Adhik Joshi · Answer 9 · Sat Jul 08 2023 21:19:10 GMT+0800 (China Standard Time)

Anyone got it working?

Bagheera · Answer 10 · Wed Jul 19 2023 08:24:43 GMT+0800 (China Standard Time)

@damian0815 @patrickvonplaten it seems like num_inference_per_prompt is incorrectly handled.

from compel import Compel, ReturnedEmbeddingsType
from diffusers import DiffusionPipeline
import torch

pipeline = DiffusionPipeline.from_pretrained("stabilityai/stable-diffusion-xl-base-0.9", use_safetensors=True, torch_dtype=torch.float16).to("cuda")
compel = Compel(truncate_long_prompts=False, tokenizer=[pipeline.tokenizer, pipeline.tokenizer_2] , text_encoder=[pipeline.text_encoder, pipeline.text_encoder_2], returned_embeddings_type=ReturnedEmbeddingsType.PENULTIMATE_HIDDEN_STATES_NON_NORMALIZED, requires_pooled=[False, True])
# upweight "ball"
prompt = "a cat playing with a ball++ in the forest"
conditioning, pooled = compel(prompt)
# generate image
image = pipeline(prompt_embeds=conditioning, pooled_prompt_embeds=pooled, num_inference_steps=30, num_images_per_prompt=4).images[0]

output:

The size of tensor a (14400) must match the size of tensor b (3600) at non-singleton dimension 1

I am clever enough to realise that this is 3600 * 4 = 14400

I tried to make a [list] of prompts, as I saw that the tensors would be concatenated when they are submitted in this way. However the same error occurs.

Bagheera · Answer 11 · Wed Jul 19 2023 08:39:53 GMT+0800 (China Standard Time)

if I produce compel([prompt] * batch_size) embeds and pass them with num_images_per_prompt=1 then I get a working result with multiple images! interesting. the other pipelines aren't like that, i assume the pipeline needs a issue report?

Self · Answer 12 · Sat Jul 29 2023 02:21:28 GMT+0800 (China Standard Time)

Question regarding long prompts+ negative prompts for SDXL and the use of the Refiner in combination with Compel:

1: on build_conditioning_tensor and pad_conditioning_tensors_to_same_length

Here is some older SD1.5 code, Is pad_conditioning_tensors_to_same_length still needed? Would I need to chunk up long prompts to prevent truncation somehow using SDXL or does truncate_long_prompts=False handle everything and I don't have to do anything?

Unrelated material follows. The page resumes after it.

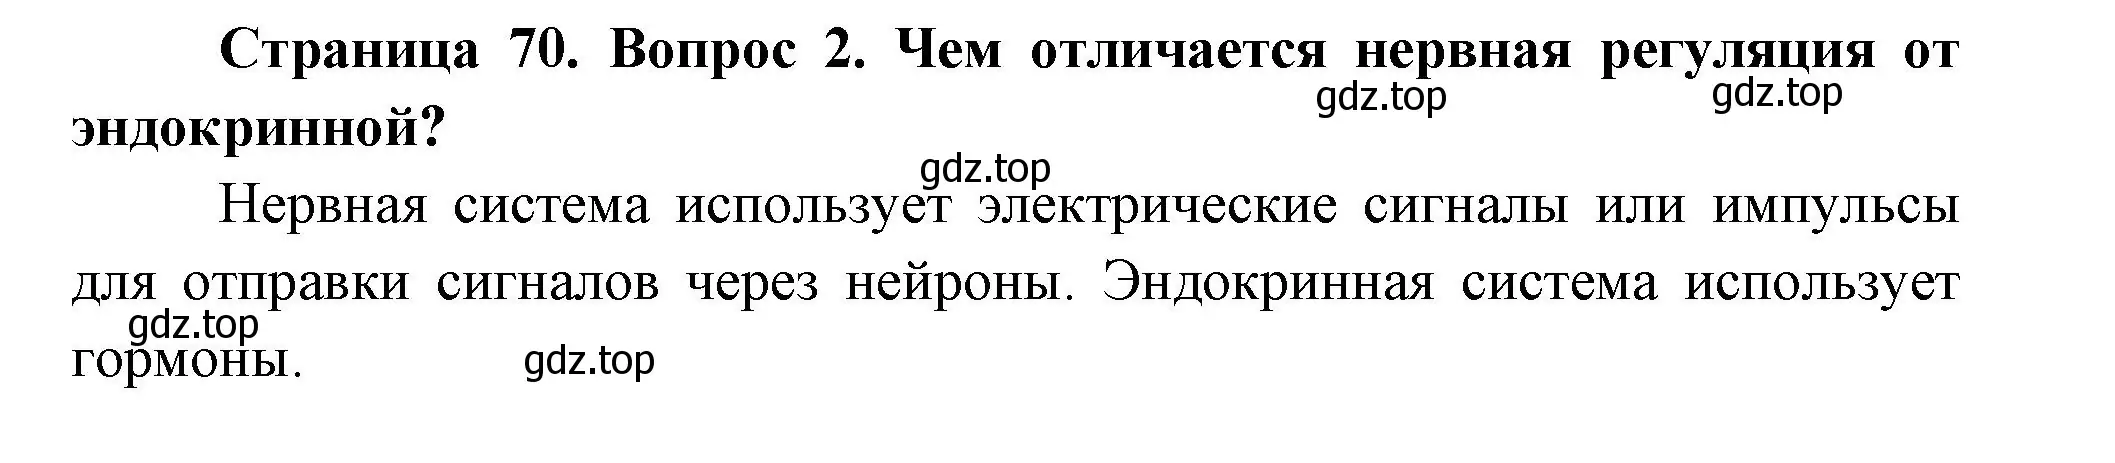 Решение номер 2 (страница 70) гдз по биологии 9 класс Пасечник, Каменский, учебник

conditioning = compel.build_conditioning_tensor(prompt)
negative_conditioning = compel.build_conditioning_tensor(negative_prompt)
conditioning, negative_conditioning = compel.pad_conditioning_tensors_to_same_length([conditioning, negative_conditioning])

2: on Refiner Usage

Sorry if this has been stated already: The pooled prompt embeds seem to be needed for the Refiner too ? I see some prototype code above by @bghira , I wonder if this is working?

Is it possible to have a short documentation on how to use the refiner + base model with very long prompts ?

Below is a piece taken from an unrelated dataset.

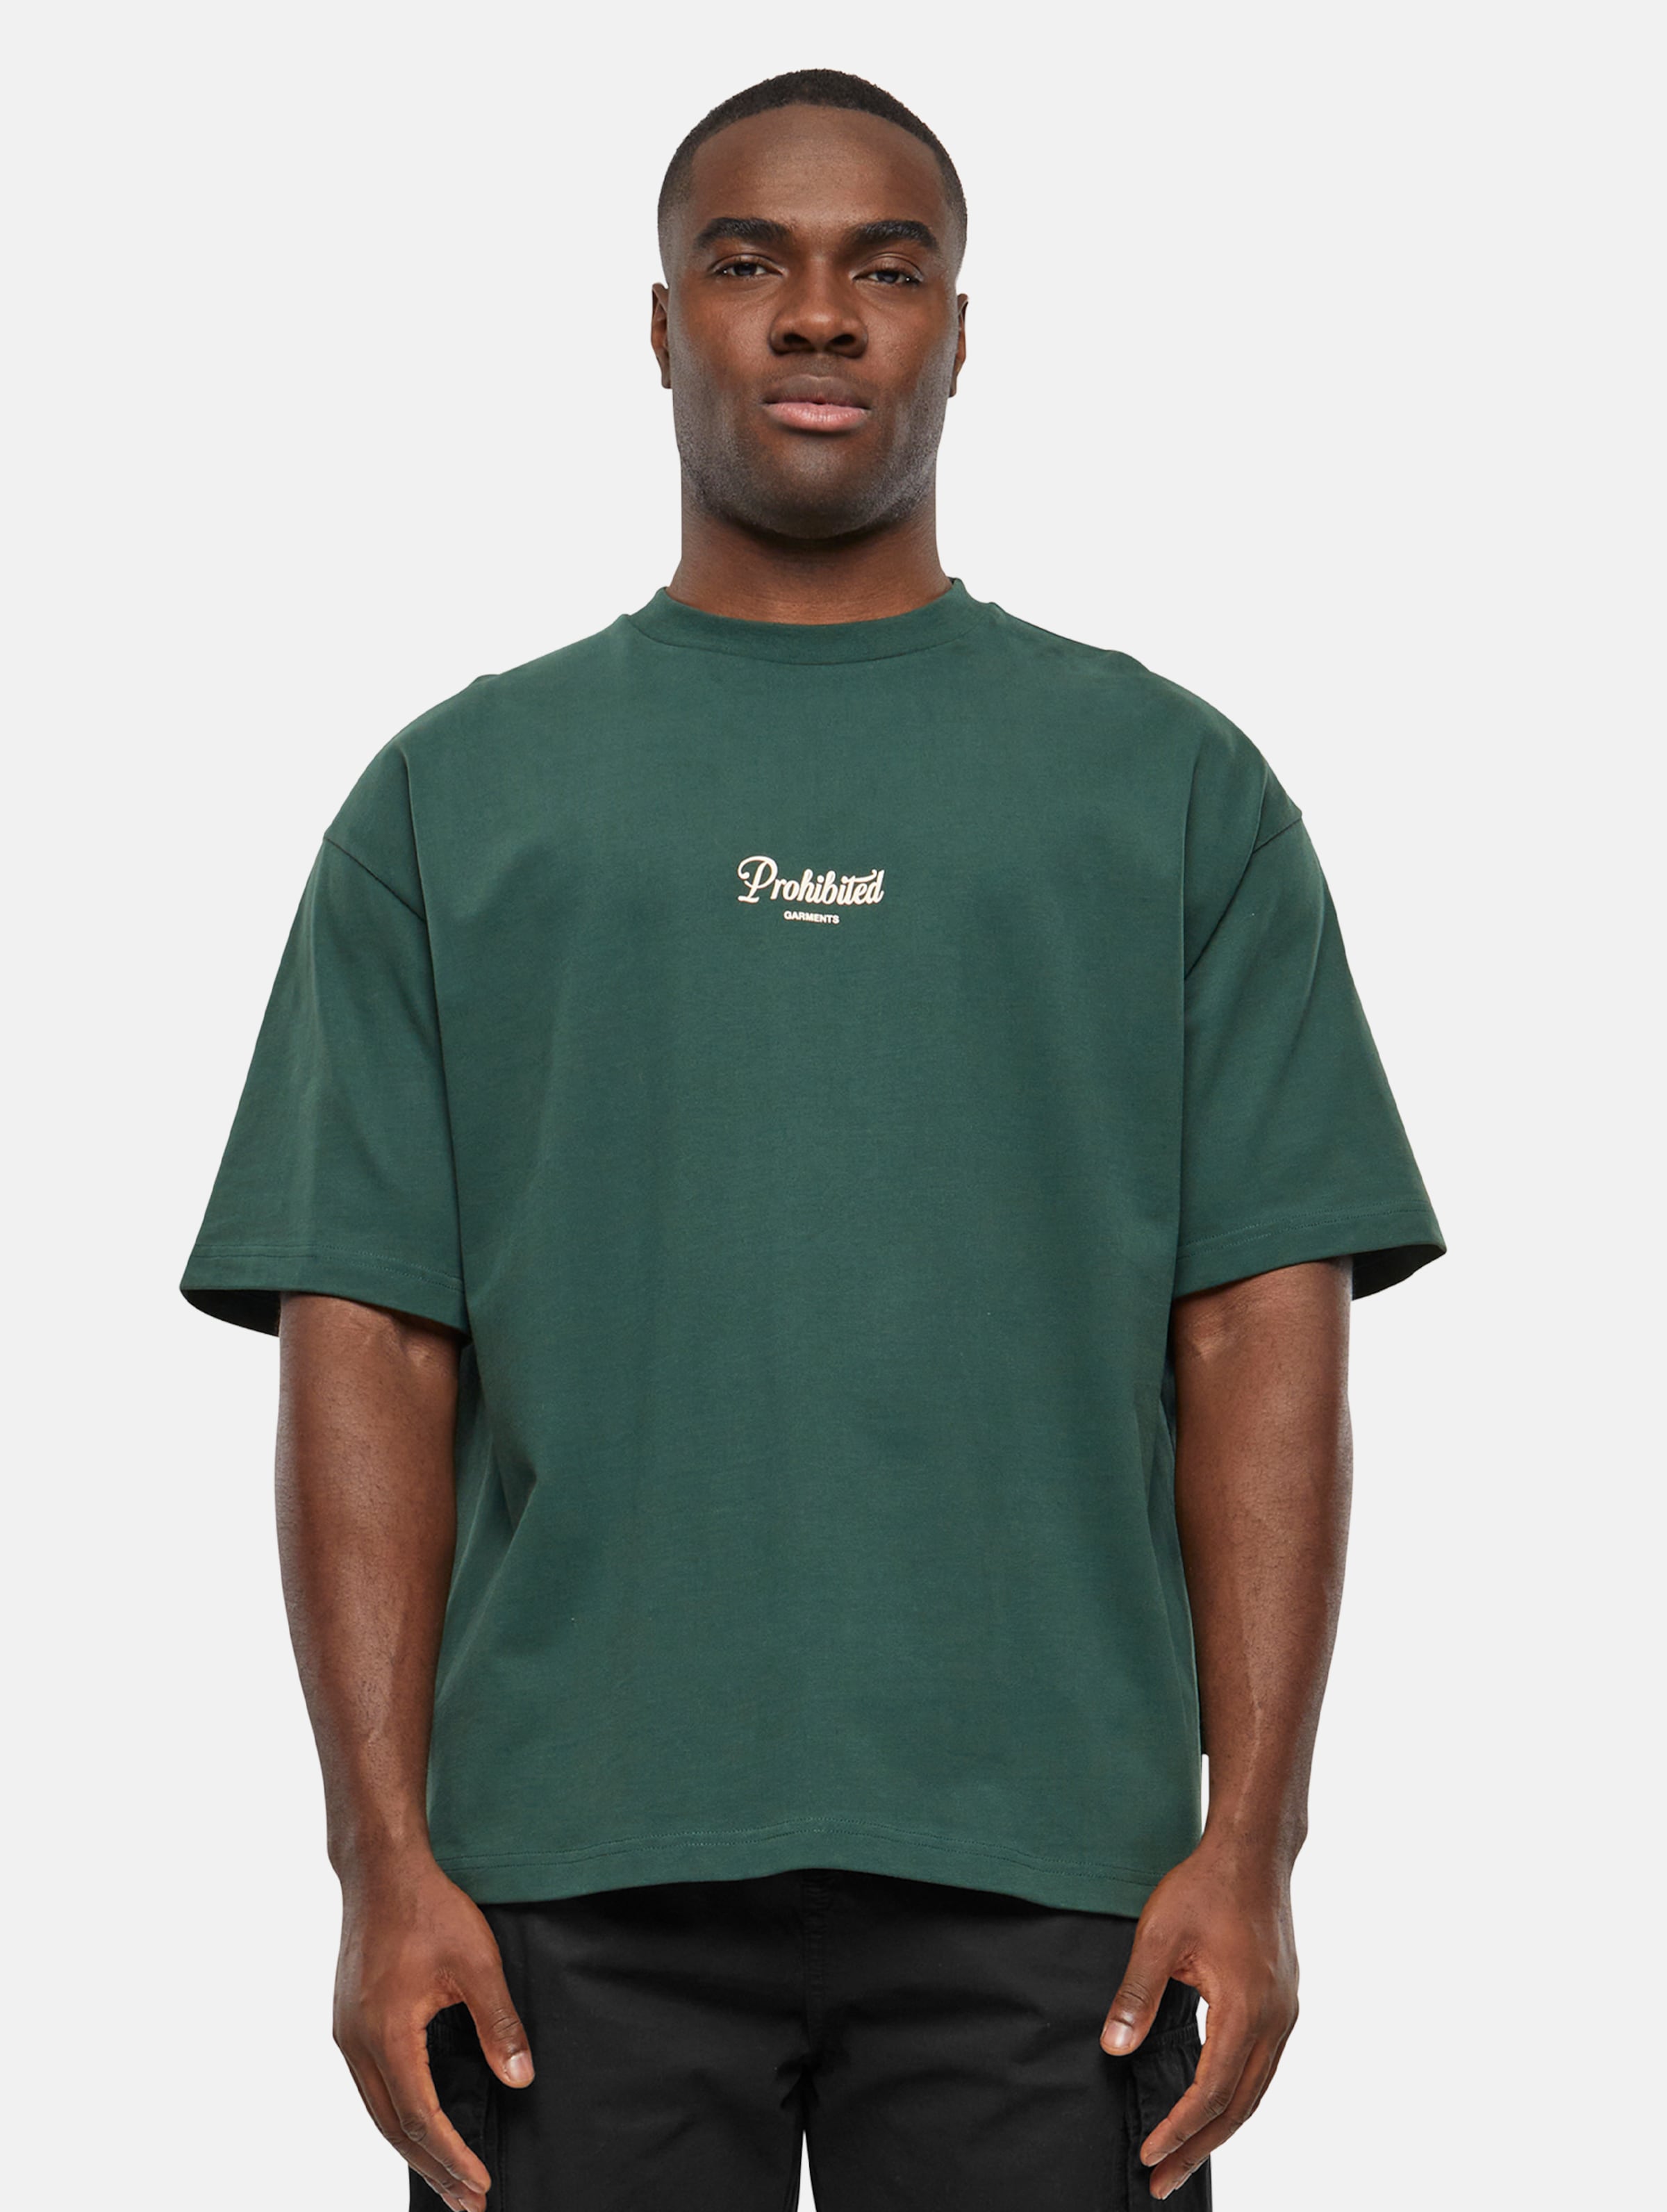 Prohibited PB Garment T Shirts Männer,Unisex op kleur groen, Maat XXL

The below was just a naive guess from me how and seems to work, using the tokenizer of the base model, or should I use the one from the refiner or doesn't it make a difference? The use of text_encoder_2=pipeline.text_encoder_2 in the refiner definition suggests that they are indeed the same:

from diffusers import DiffusionPipeline
import torch
from compel import Compel, ReturnedEmbeddingsType


use_refiner = True

pipeline = DiffusionPipeline.from_pretrained(
    "stabilityai/stable-diffusion-xl-base-1.0", torch_dtype=torch.float16, variant="fp16", use_safetensors=True
)
pipeline.to("cuda")

refiner = DiffusionPipeline.from_pretrained(
    "stabilityai/stable-diffusion-xl-refiner-1.0",
    text_encoder_2=pipeline.text_encoder_2,
    vae=pipeline.vae,
    torch_dtype=torch.float16,
    use_safetensors=True,
    variant="fp16",
)
refiner.to("cuda")

compel = Compel(truncate_long_prompts=False, tokenizer=[pipeline.tokenizer, pipeline.tokenizer_2] , text_encoder=[pipeline.text_encoder, pipeline.text_encoder_2], returned_embeddings_type=ReturnedEmbeddingsType.PENULTIMATE_HIDDEN_STATES_NON_NORMALIZED, requires_pooled=[False, True])

compel_refiner = Compel(truncate_long_prompts=False, tokenizer=pipeline.tokenizer_2 , text_encoder=pipeline.text_encoder_2, returned_embeddings_type=ReturnedEmbeddingsType.PENULTIMATE_HIDDEN_STATES_NON_NORMALIZED, requires_pooled=[False, True])



conditioning_refiner, refiner_pooled_positive  = compel_refiner(prompt)
negative_conditioning_refiner , refiner_pooled_negative = compel_refiner(negative_prompt)


image_base = pipeline(prompt_embeds=conditioning, negative_prompt_embeds=negative_conditioning, pooled_prompt_embeds=pooled, negative_pooled_prompt_embeds=negative_pooled, num_inference_steps=30, output_type="latent" if use_refiner else "pil").images[0]

image = refiner(prompt_embeds=conditioning_refiner, negative_prompt_embeds=negative_conditioning_refiner, pooled_prompt_embeds=refiner_pooled_positive, negative_pooled_prompt_embeds=refiner_pooled_negative, num_inference_steps=30, image=image_base[None, :]).images[0]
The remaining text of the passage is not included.